En effet , l’Agence nationale d’assainissement et de salubrité publique (ANASAP) n’attend que la libération des emprises du canal d’équilibre de Hanoukopé dans la commune du Golfe 4 pour entamer l’opération de curage, visant à améliorer l’écoulement des eaux pluviales et à réduire les risques d’inondation dans plusieurs quartiers sensibles.
Toutefois la présence des installations commerciales et de dépôts sauvages le long de la rue Bruyère et aux abords du canal obstruent l’accès des engins. Une situation qui compromet le démarrage effectif des travaux . Dans un premier temps, ANASAP avait adressé aux occupants un avis de déguerpissement sous 48 heures, suscitant inquiétude et tensions parmi les commerçants de la zone. Face aux préoccupations des occupants, le maire du Golfe 4, Jean Pierre Fabre, est intervenu auprès des responsables de l’ANASAP. À l’issue des échanges, la municipalité a obtenu une prorogation exceptionnelle de deux semaines , matérialisée par une nouvelle mise en demeure fixant au mercredi 24 juin à 18 heures le délai impératif pour libérer les emprises. Le jeudi 18 juin, le maire a une nouvelle fois, reçu une délégation des commerçants, venus solliciter un énième report. Après les avoir écoutés, il leur a signifié qu’aucune prolongation supplémentaire n’était désormais possible, les impératifs liés au calendrier des travaux et à la sécurité publique ne laissant plus de manœuvre.

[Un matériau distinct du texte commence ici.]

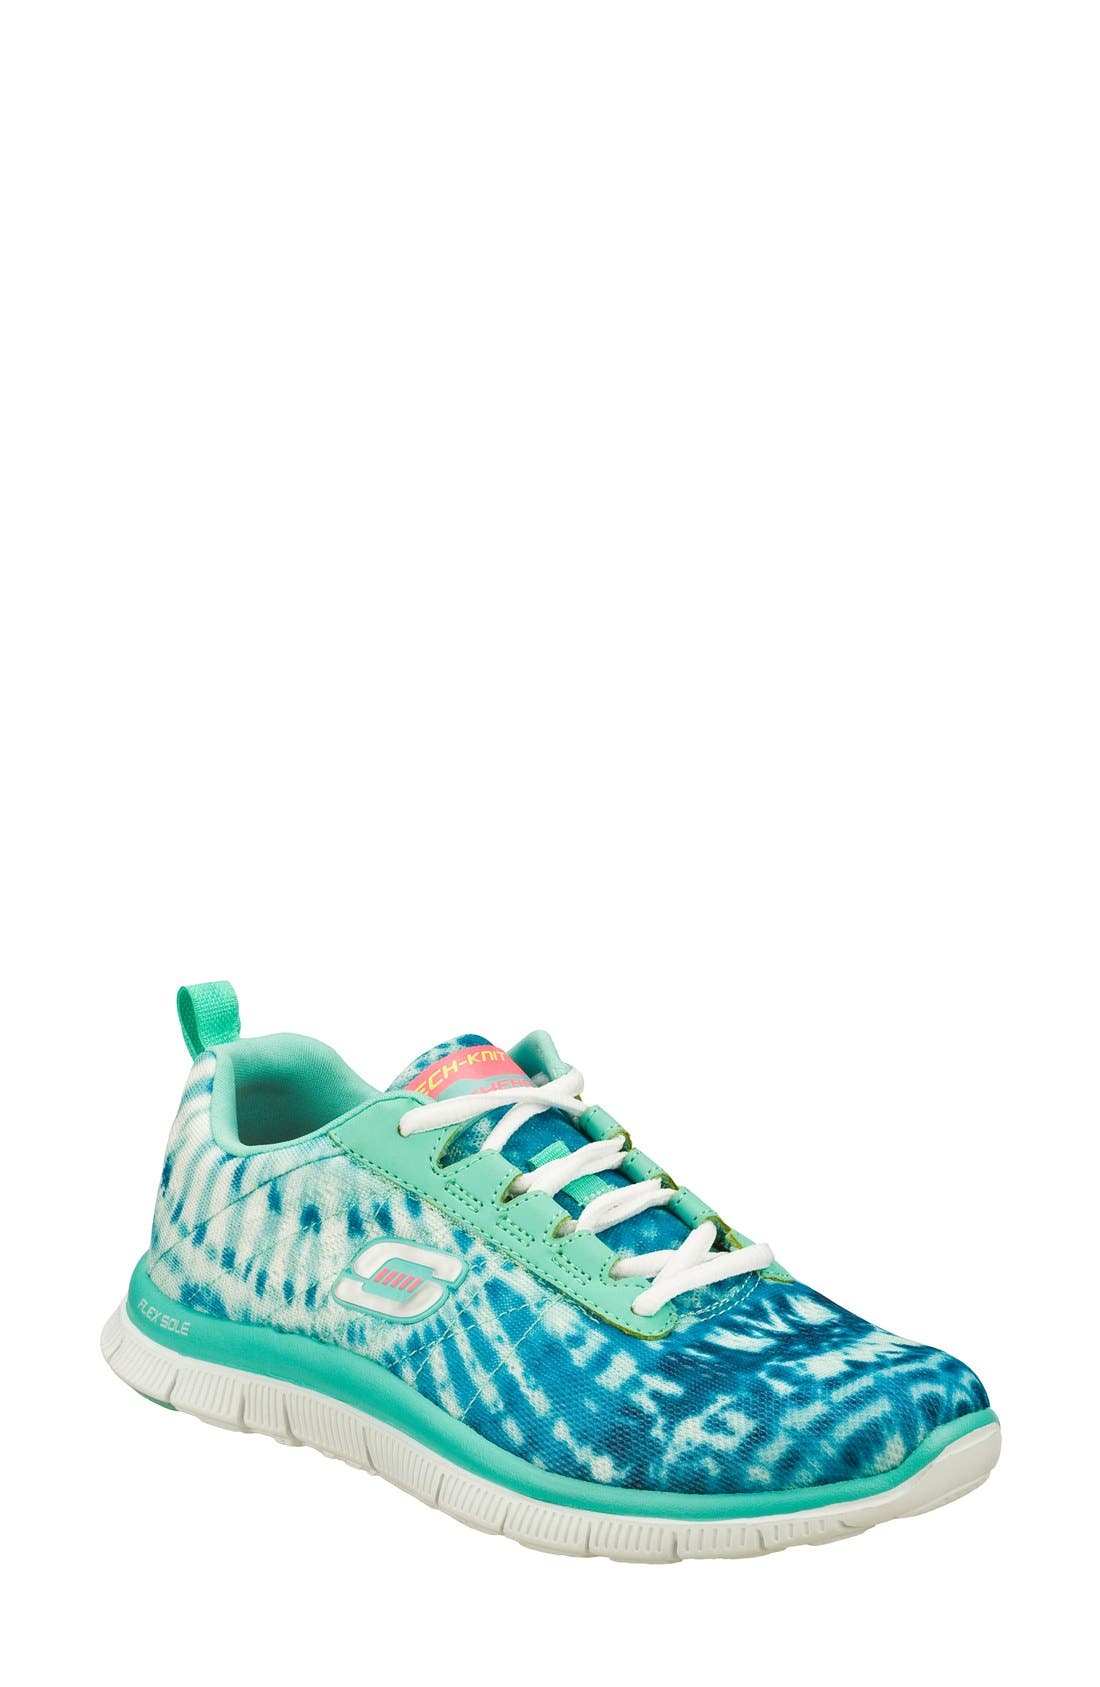 SKECHERS 'Flex Appeal - Limited Edition

Jean-Pierre Fabre a reconnu les désagréments causés aux commerçants, mais insiste sur l’intérêt collectif : « La commune est sincèrement désolée pour les inconvénients et les perturbations que cette situation cause aux activités économiques des commerçants de la zone . Cependant, ce projet est initié dans l’intérêt supérieur de toute la population », a souligné le maire d’Amoutivé et de rappeler que le projet porté par l’ANASAP répond à un impératif collectif. « il faut que chacun comprenne que ce projet initié par l’ANASAP est réalisé dans l’intérêt supérieur de toute la population» a insisté Jean Pierre Fabre.
À l’expiration du délai, les autorités préviennent qu’à défaut d’une libération volontaire des lieux avant l’échéance du 24 juin , les services municipaux procéderont à l’évacuation forcée des lieux conformément à la réglementation.

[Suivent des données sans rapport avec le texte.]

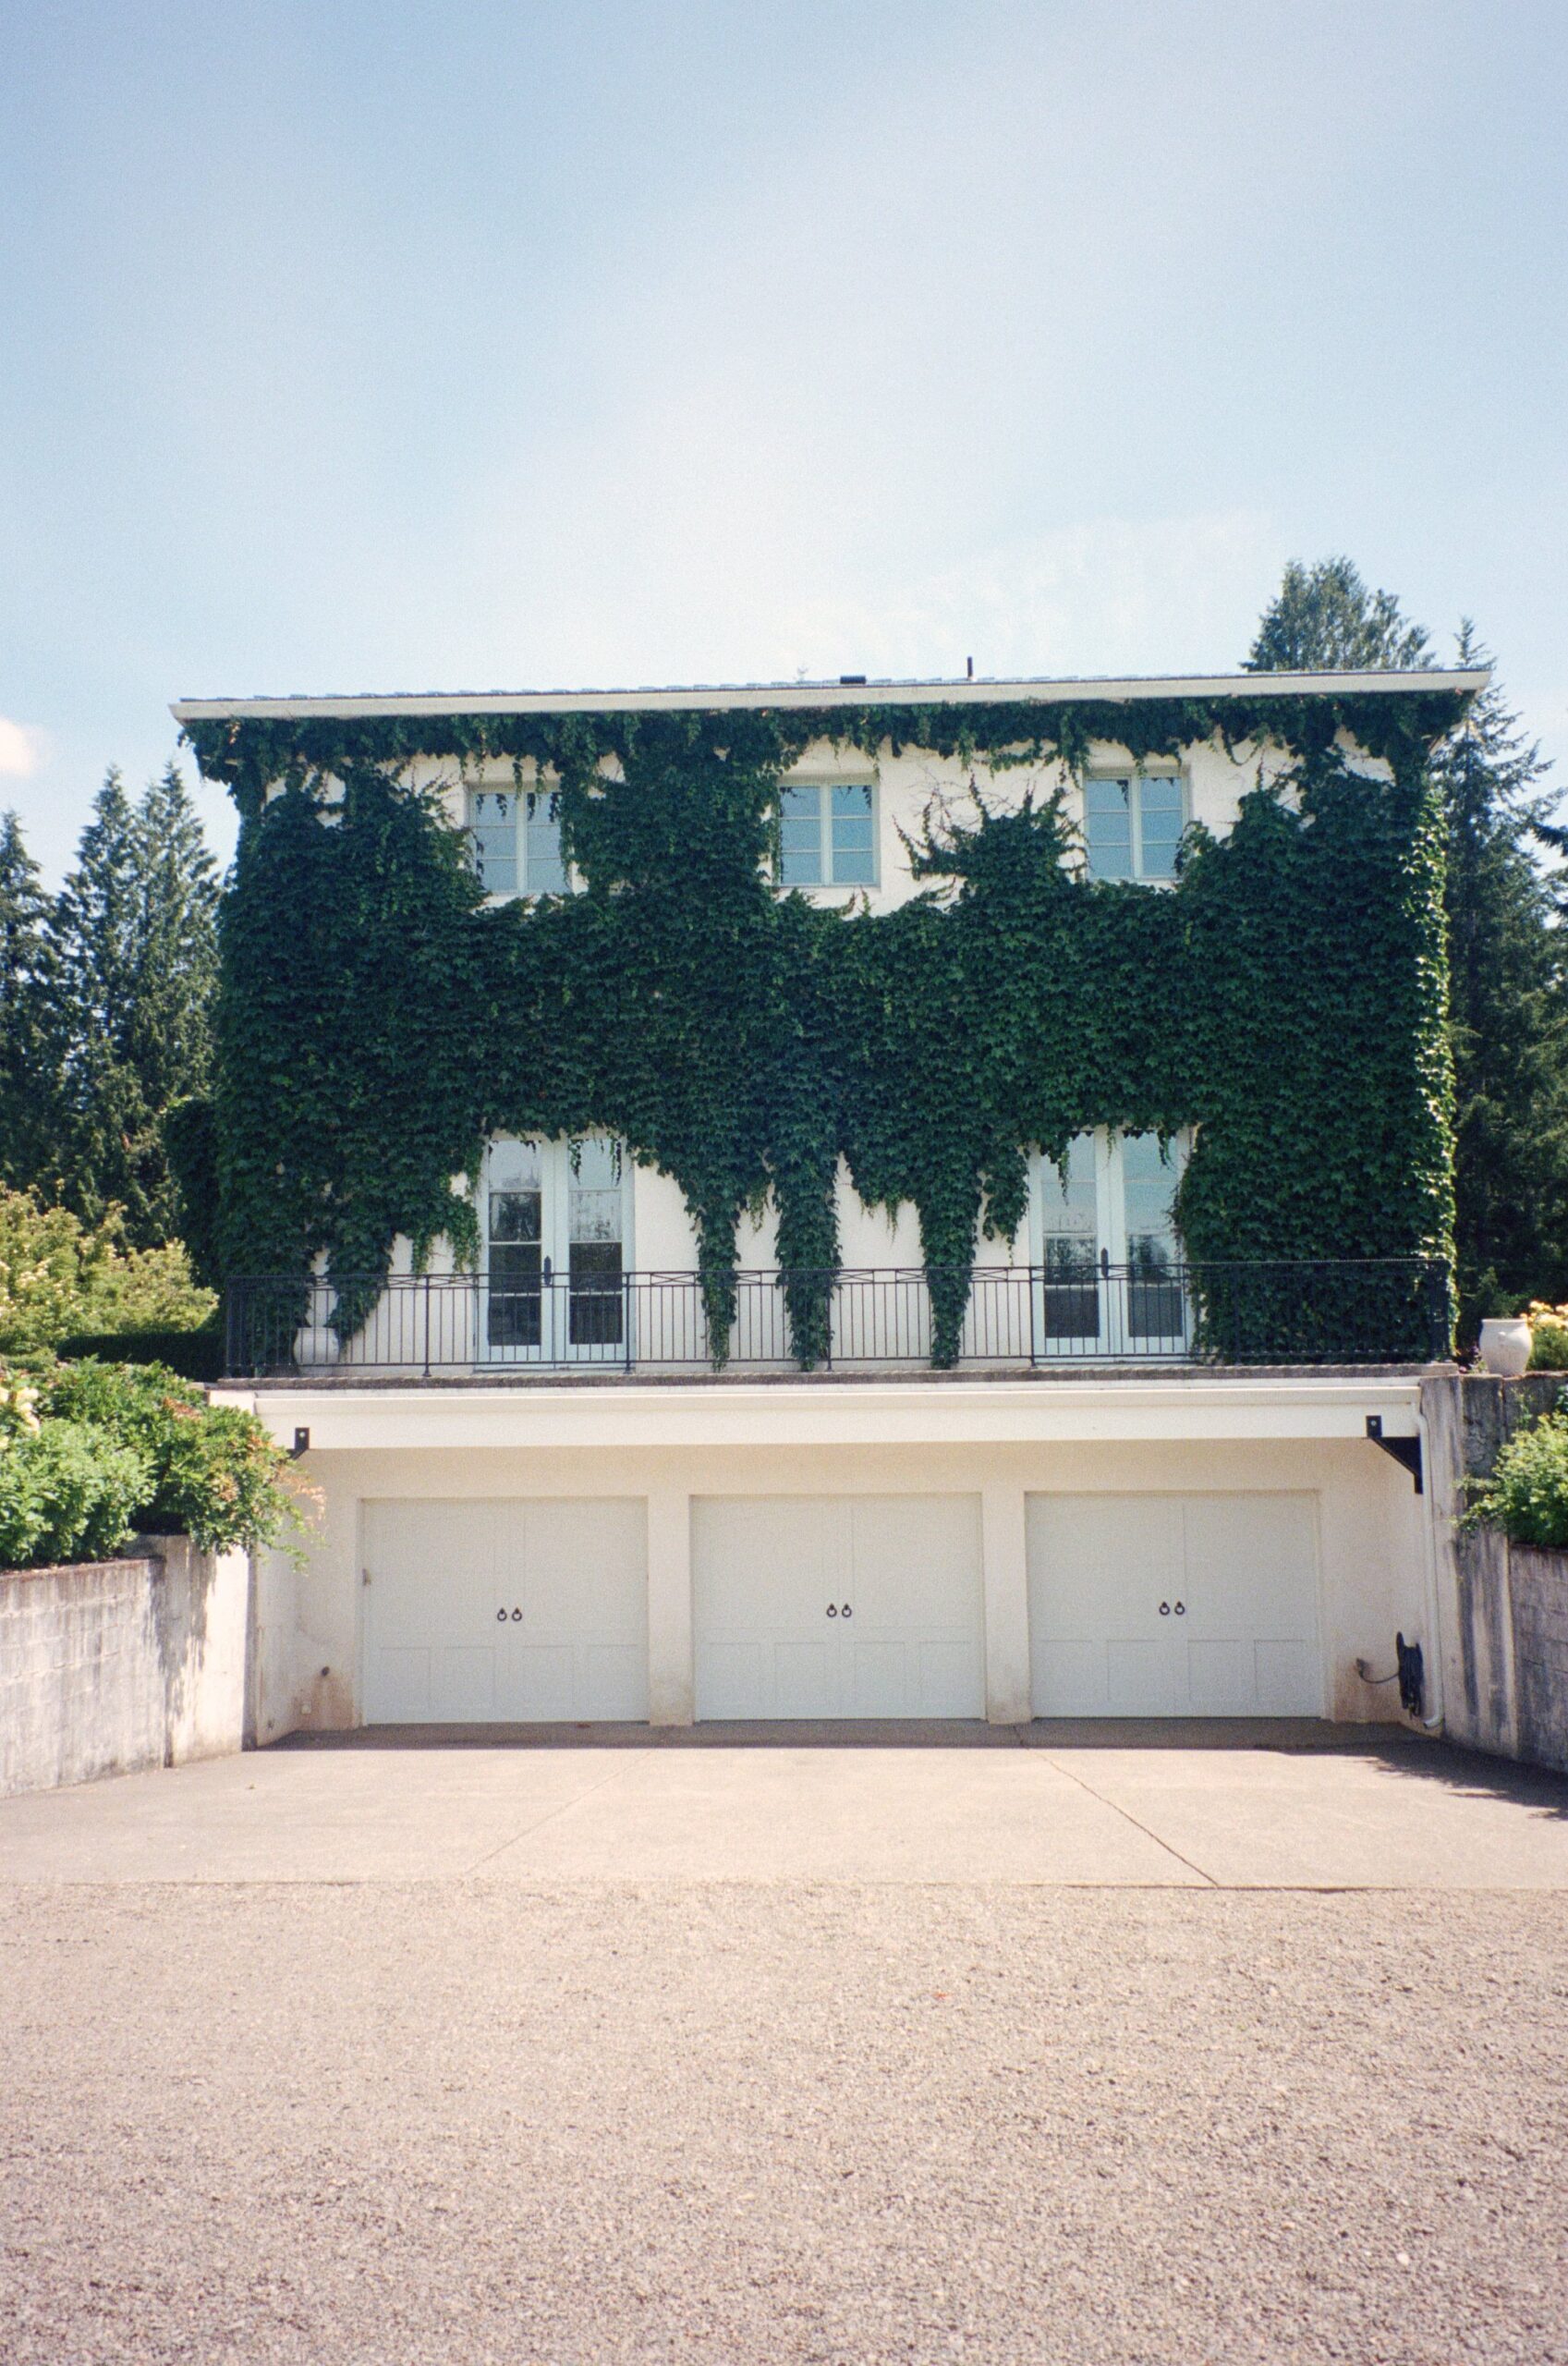 wedding venue building with large vine plants growing along building. Oregon film photography for weddings and engagements

En maintenant son ultimatum, Jean-Pierre Fabre affirme son autorité et sa volonté de faire respecter les règles d’urbanisme. Cette décision pourrait servir de précédent pour d’autres opérations similaires dans la capitale, où les infrastructures publiques sont souvent paralysées par des occupations illégales. Au-delà de la question des inondations, l’opération de curage s’inscrit dans une politique plus large de salubrité et de prévention sanitaire. Les dépôts sauvages favorisent la prolifération de déchets et de maladies hydriques, aggravant les conditions de vie des riverains.